Beberapa waktu ke depan kita akan menyaksikan pergelaran sepakbola terbesar sejagad yang
diadakan di Brazil, Piala Dunia atau World Cup 2014. Turnamen ini akan dimeriahkan oleh 32
negara yaitu; Brazil, Kroasia, Mexico, Kamerun, Spanyol, Belanda, Chili, Australia, Kolombia,
Yunani, Pantai Gading, Jepang, Uruguay, Kosta Rika, Inggris, Italia, Swiss, Ekuador, Perancis,
Honduras, Argentina, Bosnia Herzegovina, Iran, Nigeria, Jerman, Portugal, Ghana, Amerika
Serikat, Belgia, Aljazair, Russia, dan Korea Selatan.
Jutaan pasang mata diprediksi akan menyaksikan turnamen akbar ini. Walaupun berbeda
nationality tetap saja setiap orang di belahan dunia manapun memiliki tim yang diusung untuk
menjuarai turnamen ini. Para produsen jersey timnas mengharapkan meraup keuntungan sebesarbesarnya dalam momentum ini. Berbagai produk entertainment berkaitan World Cup menjadi
best seller dan hot topic yang dapat dijual mahal.

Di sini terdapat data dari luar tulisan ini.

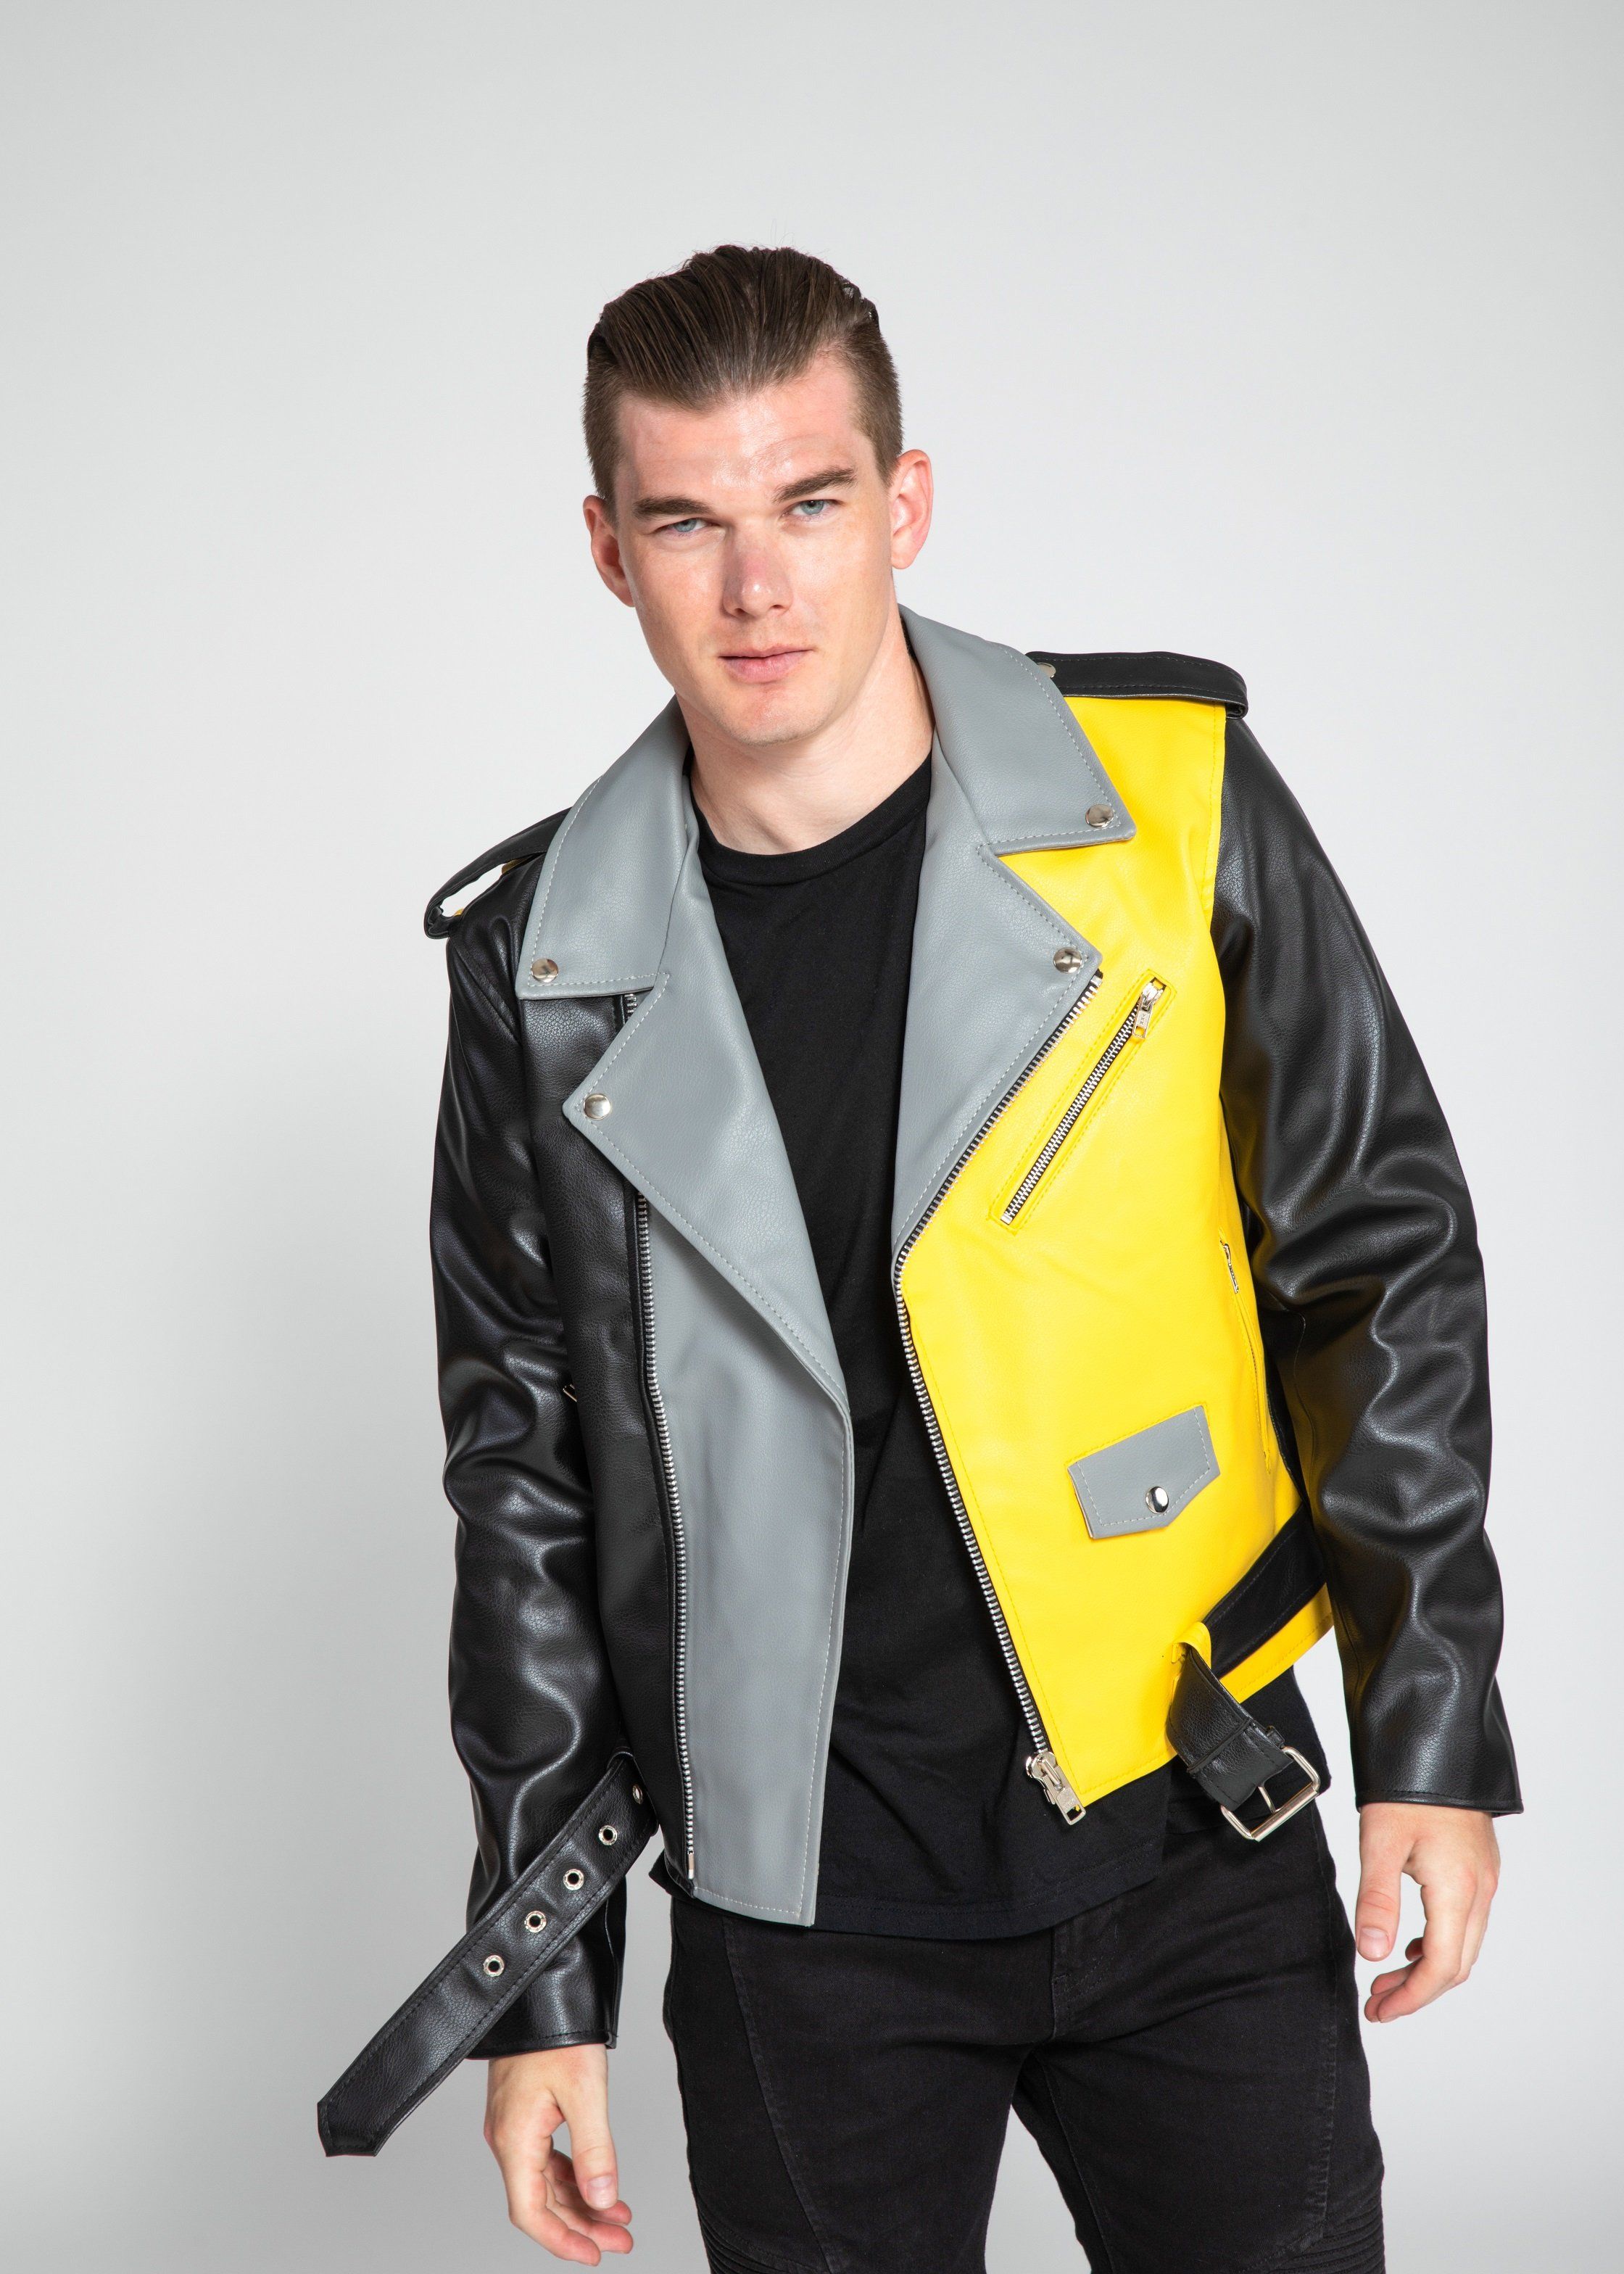 yellow leather jacket men
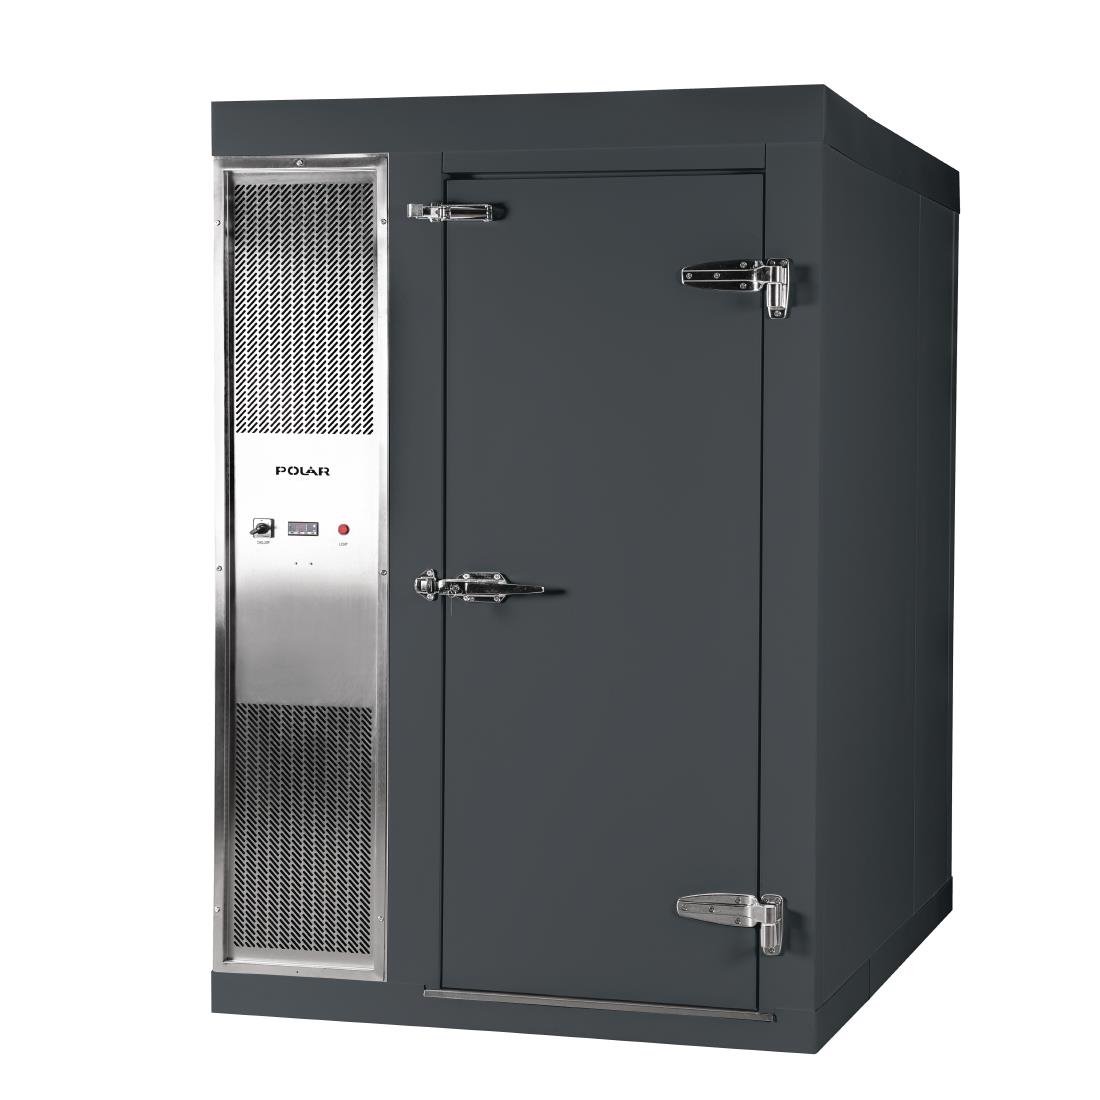 DS485-FGY Polar U-Series 1.8 x 1.8m Integral Walk In Freezer Room Grey JD Catering Equipment Solutions Ltd

Di Indonesia sendiri, momen World Cup selalu disambut antusias dan gempita. Masyarakat
antusias menyambut pergelaran akbar yang diadakan 4 tahun sekali ini. Kafe dan resto telah
mempersiapkan konsep dan tempat yang layak untuk menyambut penikmat sepakbola. Berbagai
media massa juga telah “menghitung mundur” pergelaran ini. Kolom dan durasi telah disediakan
khusus oleh awak media untuk menyampaikan perkembangan seputar World Cup 2014.
Sepakbola : Kehidupan Politik, Ekonomi dan Sosial
Sepakbola, sebagai olahraga universal dan trans-boundary, mempengaruhi kehidupan politik,
ekonomi dan sosial masyarakat sebuah negara atau antar negara. Sepakbola dapat digunakan
sebagai instrumen perdamaian dan pemersatu bangsa. Menurut Marty Natalegawa, Menteri Luar
Negeri Indonesia dalam tabloid Diplomasi (15 Juli – 14 Agustus 2013), “Olahraga (termasuk
Sepakbola) adalah bagian dari diplomasi publik dan sarana untuk menjalin persahabatan dan
perdamaian antar negara.” Oleh karena itu, olahraga dapat mengisi gap antar actor negara,
mempromosikan kerjasama, dialog dan pembangunan. Prinsipnya, Sepakbola dapat
menyebarkan nilai-nilai positive seperti sportifitas, disiplin, toleransi dan welas asih (Murray,
2012). Selain itu menurut Deyo (2013), sepakbola, dapat menginspirasi revolusi yang
menyebabkan perang, atau mengangkat harkat dan martabat sebuah bangsa dan masyarakat.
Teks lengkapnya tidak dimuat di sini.